Children comprised 19% (544) of trauma cases. About 54% suffered road traffic injuries (RTIs), which mostly affected the limbs and pelvis (37.3%). Half the RTI victims were pedestrians. Transportation to CHY was primarily by taxi or bus (69.4%) and a preponderance (71.1%) of the severely and profoundly injured patients used this method of transport. Major or minor surgical intervention was necessary for 17.9% and 20.8% of patients, respectively. Patients with an estimated injury severity score ≥ 9 (33.2%) were more likely to need surgery (p < 0.01). The median ED cost of pediatric trauma care was USD12.71 [IQR 12.71, 23.30].

CONCLUSIONS

Injury is an important child health problem that requires adequate attention and funding. Policies, surgical capacity building, and health systems strengthening efforts are necessary to address the high burden of pediatric injuries in Cameroon. Pediatric injury prevention efforts in Cameroon should target pedestrian RTIs, falls, and burns and consider school-based interventions.

摘要

目的

意外伤害是 10-19 岁儿童死亡的主要原因,超过 95%的伤害死亡发生在中低收入国家(LMICs)。由于儿科人群的伤害模式可能与成年人不同,因此需要确定 LMIC 中儿童特有的风险,以进行有效的伤害预防和治疗。本研究旨在探讨喀麦隆雅温得儿科伤害的流行病学和成本情况,以为伤害预防和资源配置提供信息。

方法

2009 年 4 月至 10 月,在雅温得中央医院(CHY)急诊科收集儿科(年龄<20 岁)创伤患者数据。使用单变量、双变量和多变量分析来探讨伤害模式以及变量之间的关系。进行回归分析以确定接受手术治疗的预测因素。

结果

儿童占创伤病例的 19%(544 例)。约 54%的儿童遭受道路交通伤害(RTIs),主要影响四肢和骨盆(37.3%)。
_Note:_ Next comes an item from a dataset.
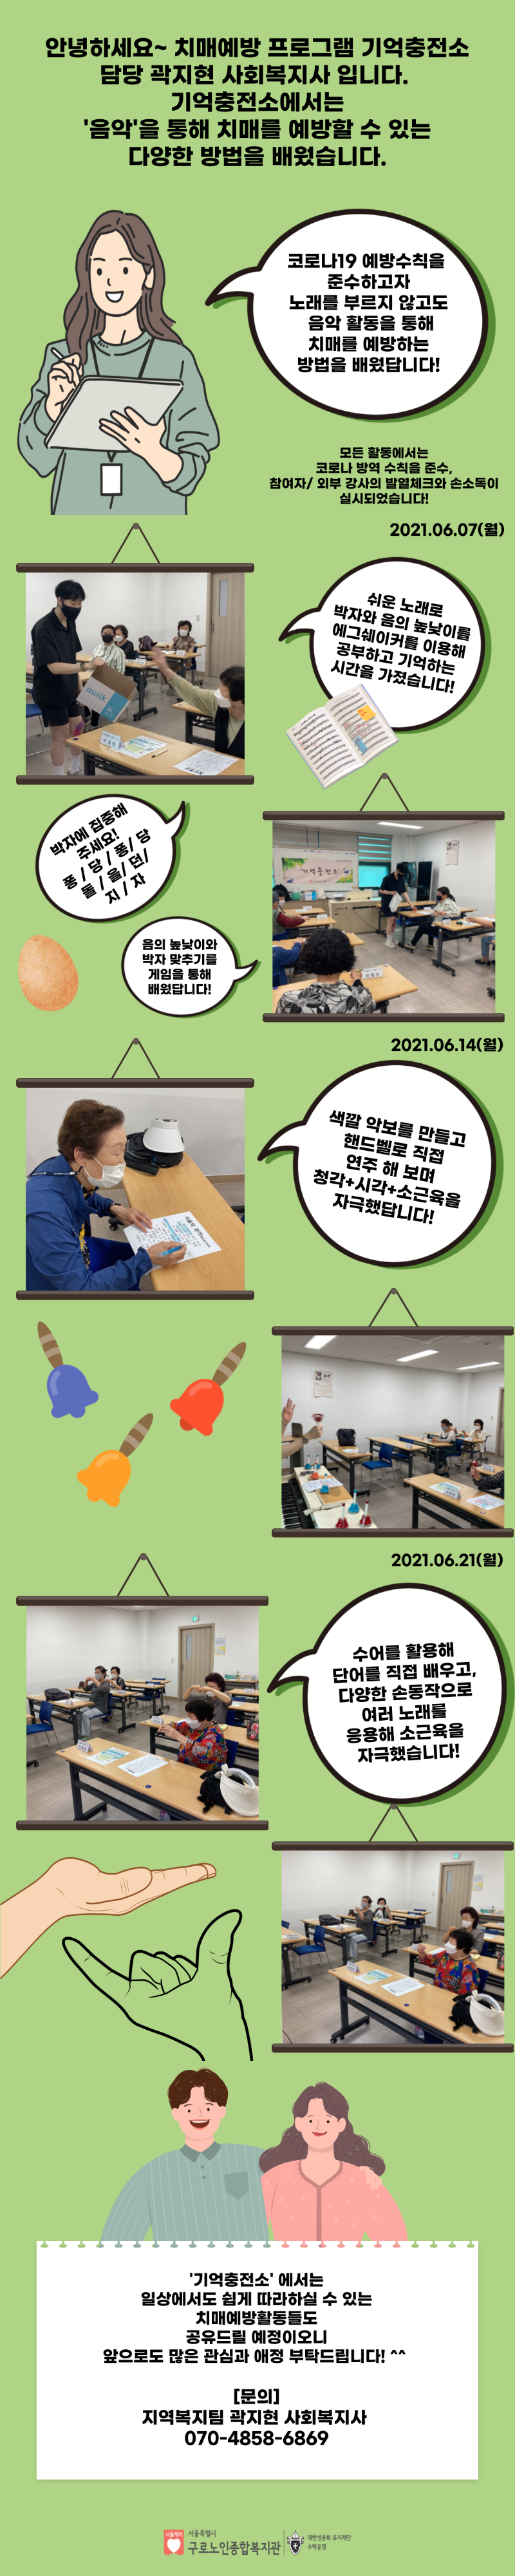 기억충전소 1집단 음악활동(수정).png
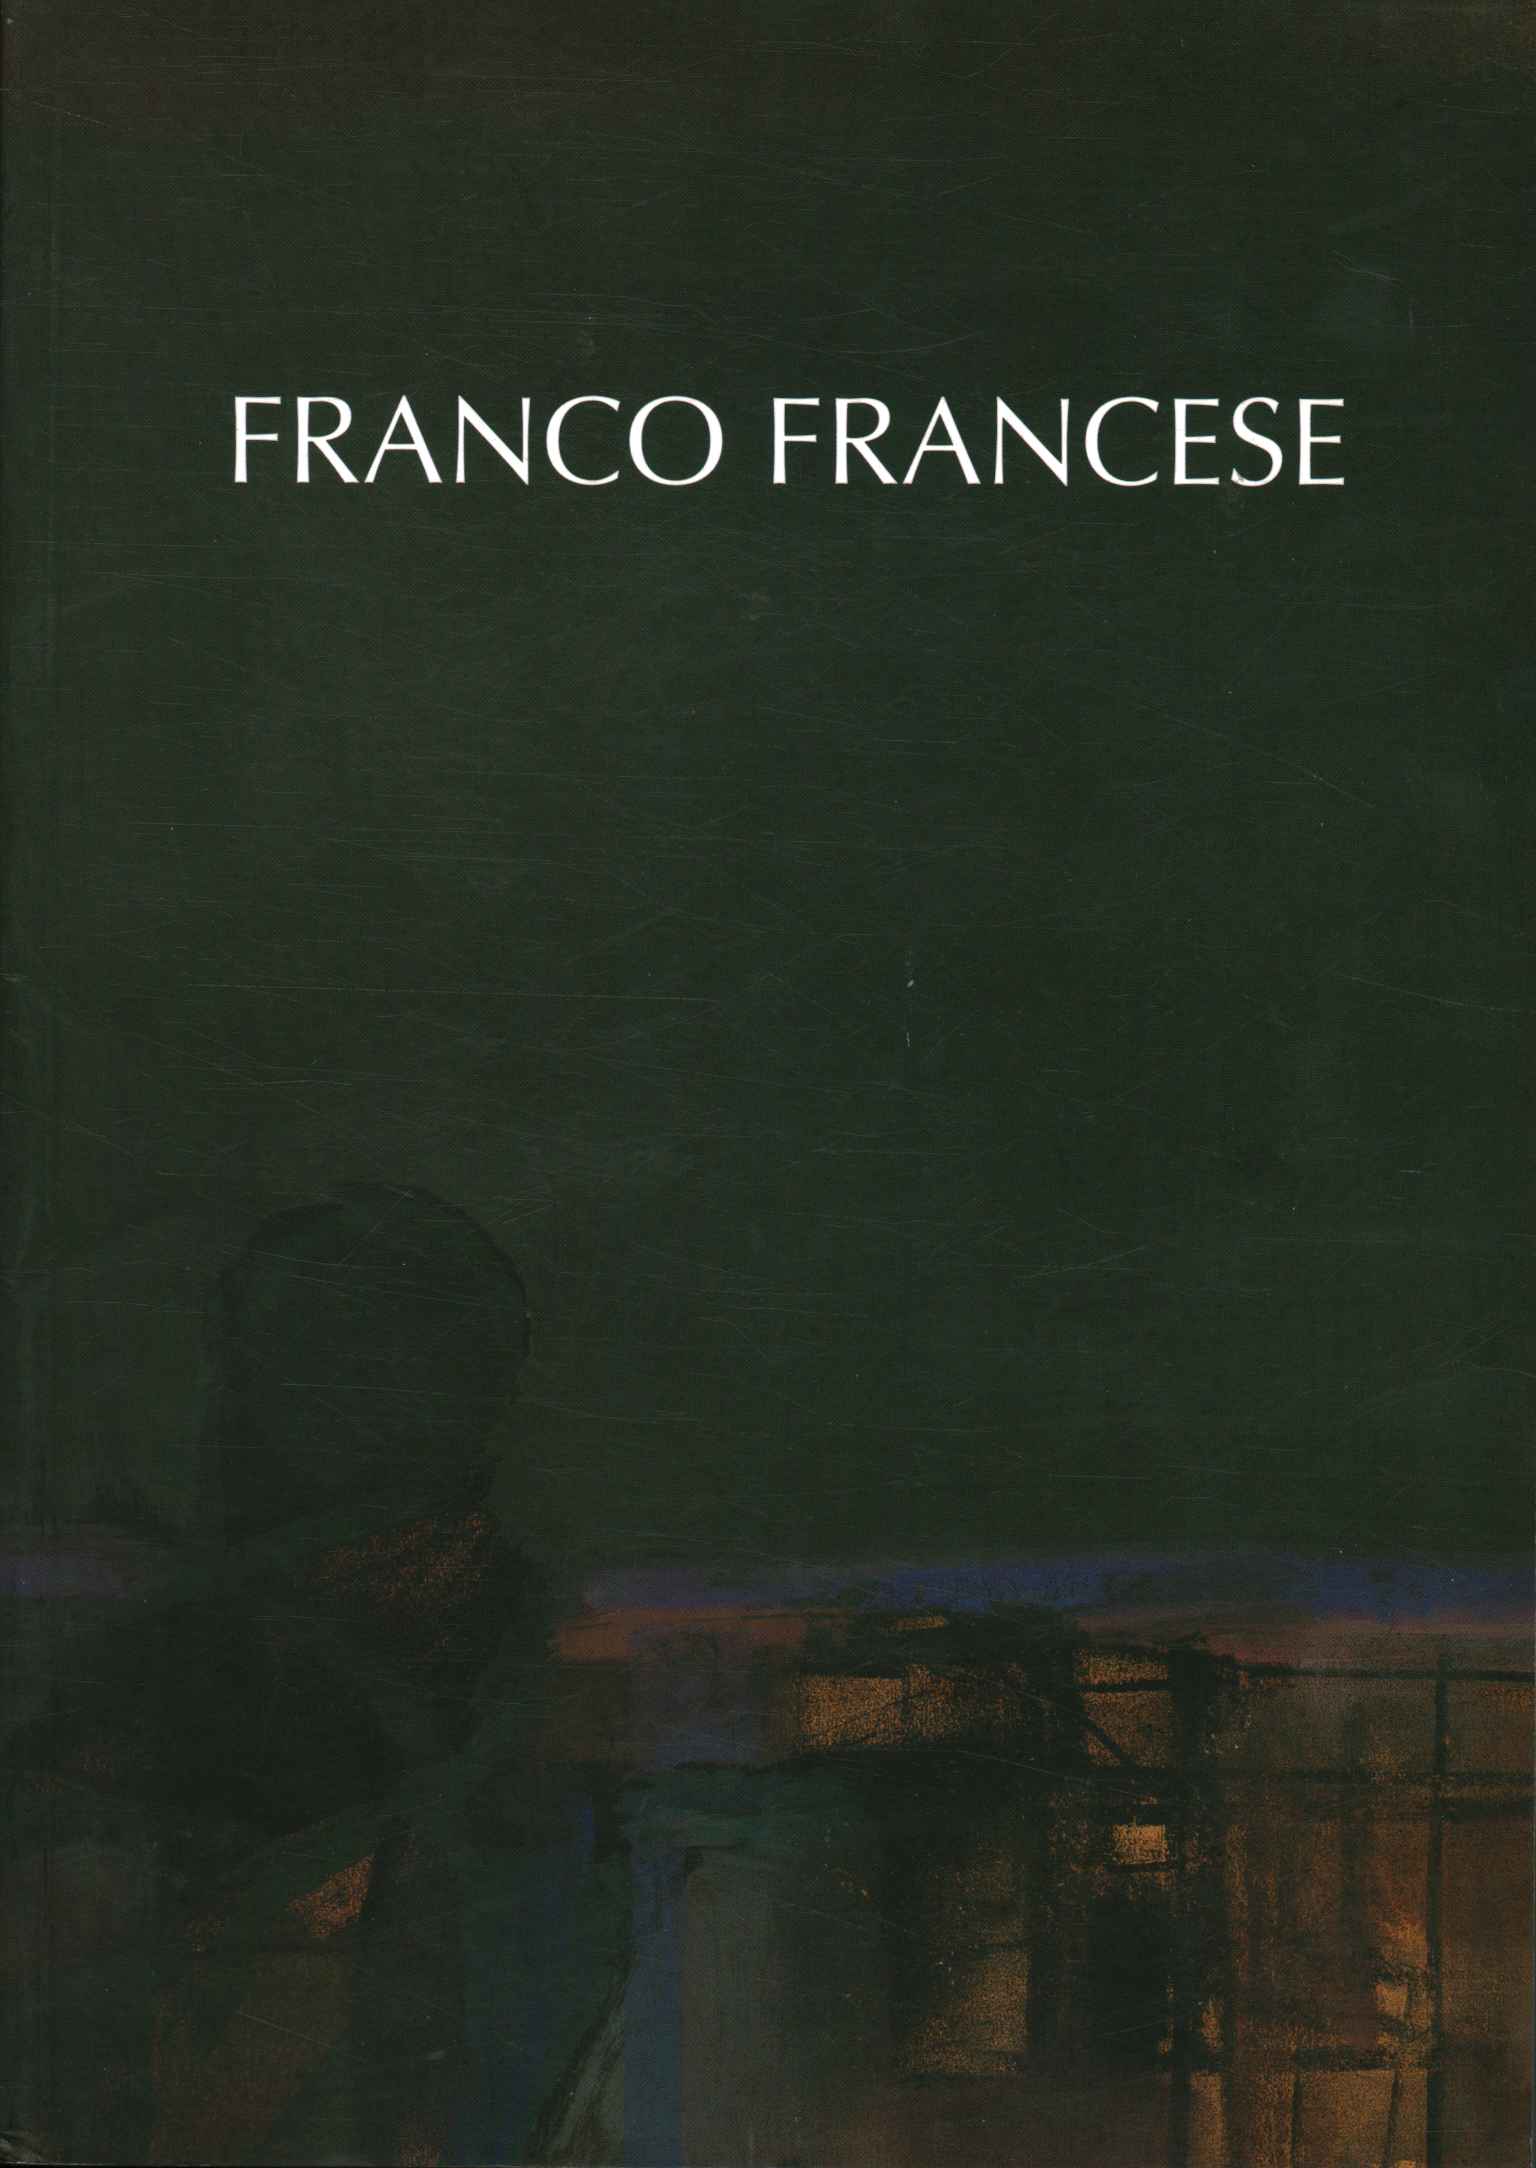 Franco français

一半的 RTI 受害者是行人。到 CHY 的交通主要是出租车或公共汽车(69.4%),严重和深度受伤患者中有 71.1%使用这种交通方式。分别有 17.9%和 20.8%的患者需要进行主要或次要手术干预。损伤严重度评分估计≥9(33.2%)的患者更有可能需要手术(p<0.01)。儿科创伤护理的 ED 平均费用为 12.71 美元[IQR 12.71,23.30]。

结论

伤害是一个重要的儿童健康问题,需要给予足够的关注和资金。需要制定政策、进行外科能力建设和加强卫生系统,以解决喀麦隆儿童伤害负担过重的问题。喀麦隆的儿科伤害预防工作应针对行人 RTI、跌倒和烧伤,并考虑开展学校干预措施。